* THE TASK
Each line below must be transcribed exactly, and no picture may appear in the transcription.

* SOURCE DATA
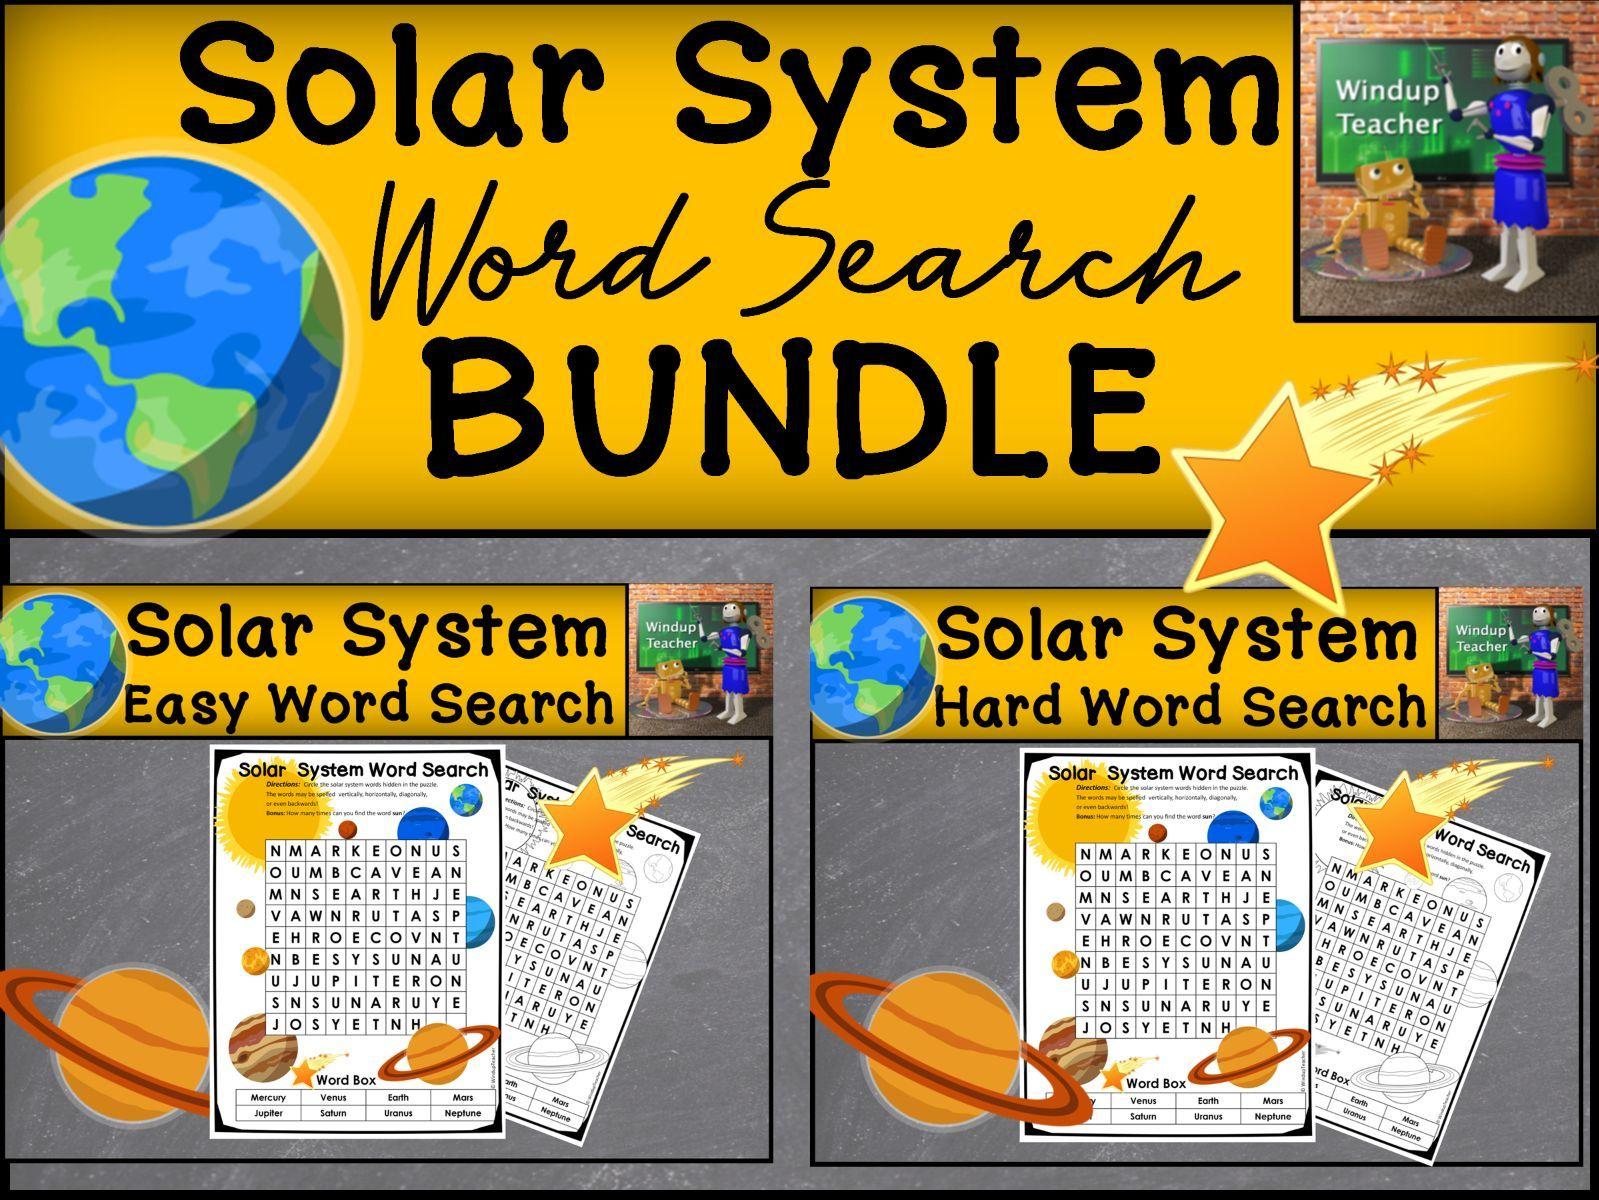 Solar System Word Search Bundle - 2 levels
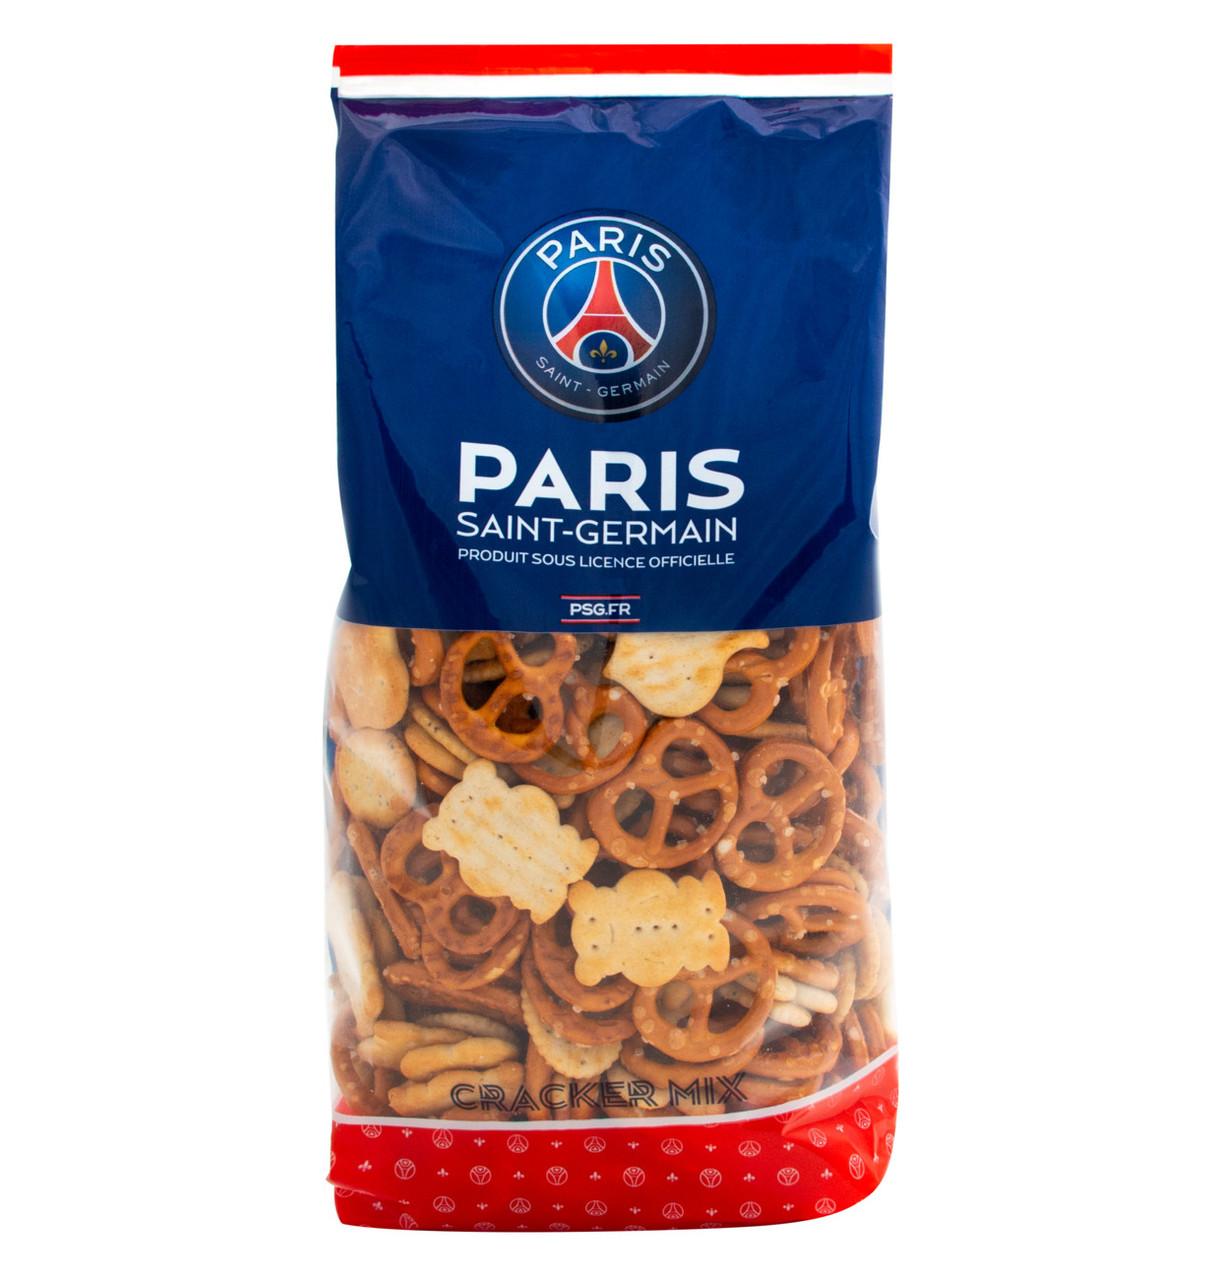 Хрустики PSG Snack mixture, 300г, 30шт/ящ
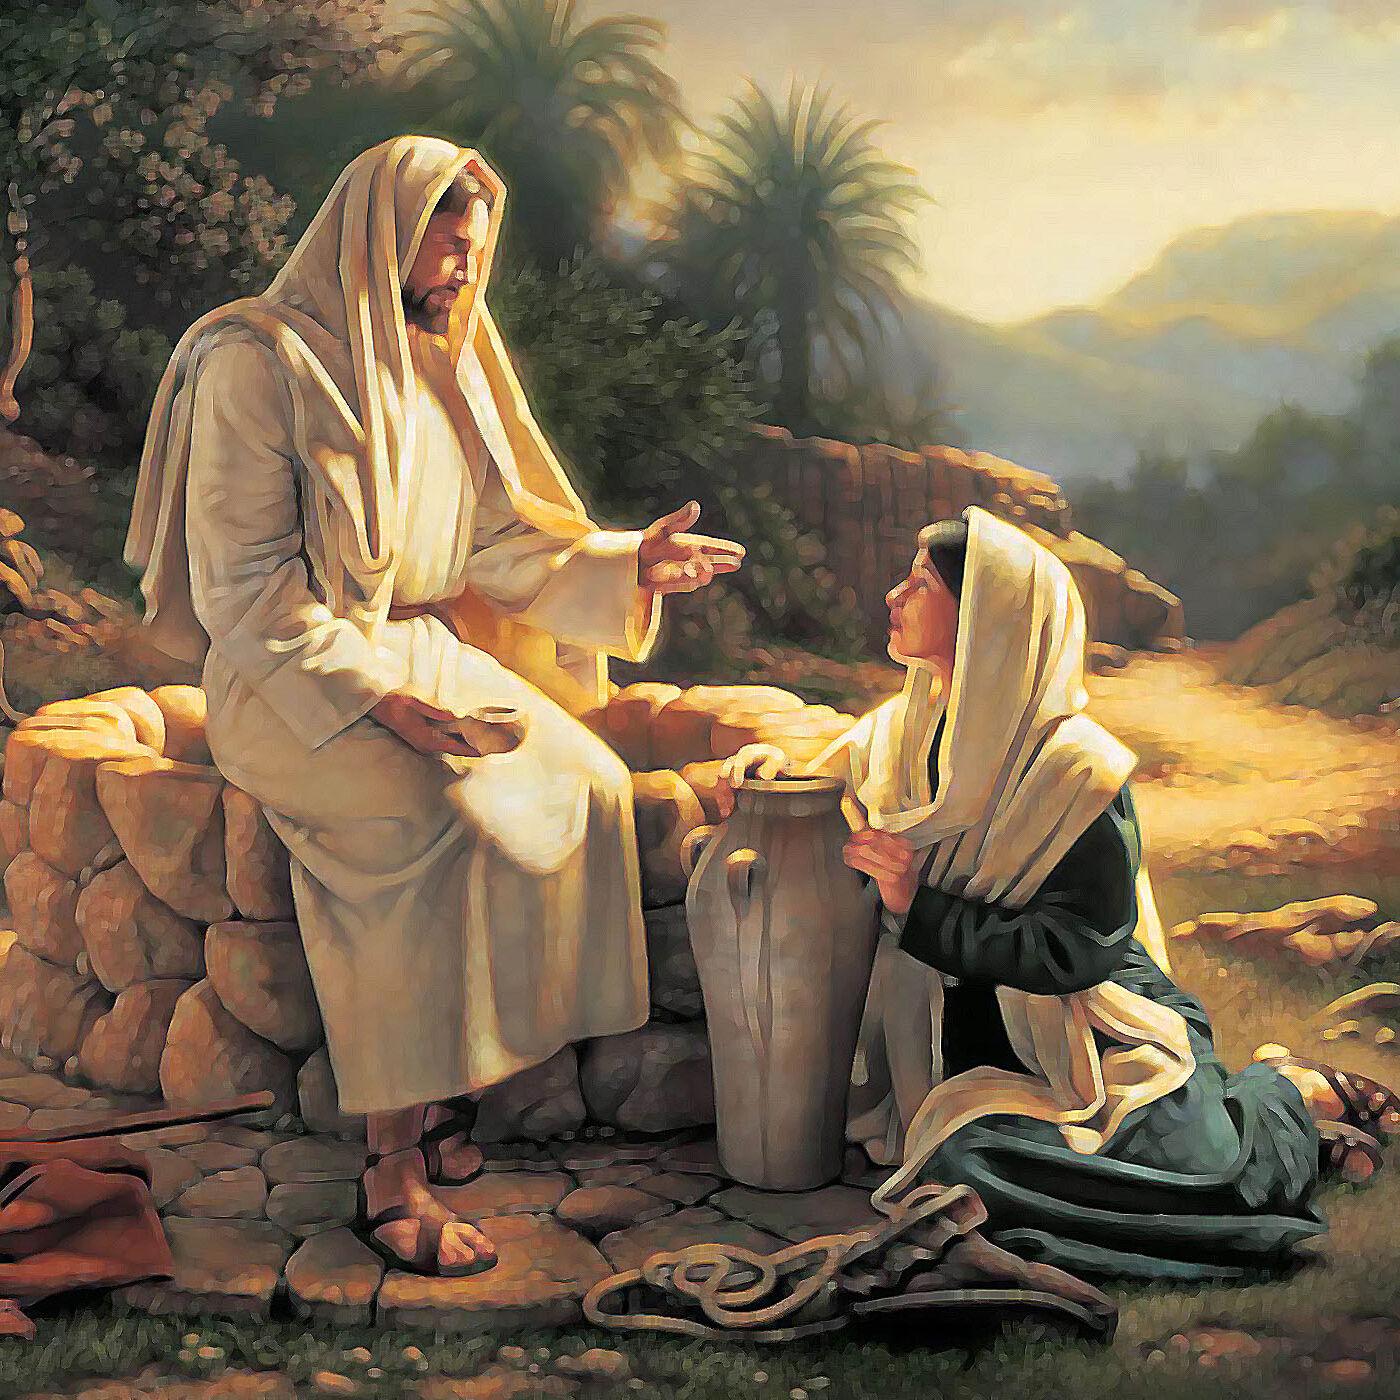 riflessioni sul Vangelo di Lunedì 4 Gennaio 2021 (Gv 1, 35-42) - Apostola Briana

* ANSWER TO THIS TASK
 Solar System Word Search Bundle - 2 levels
 Хрустики PSG Snack mixture, 300г, 30шт/ящ
 riflessioni sul Vangelo di Lunedì 4 Gennaio 2021 (Gv 1, 35-42) - Apostola Briana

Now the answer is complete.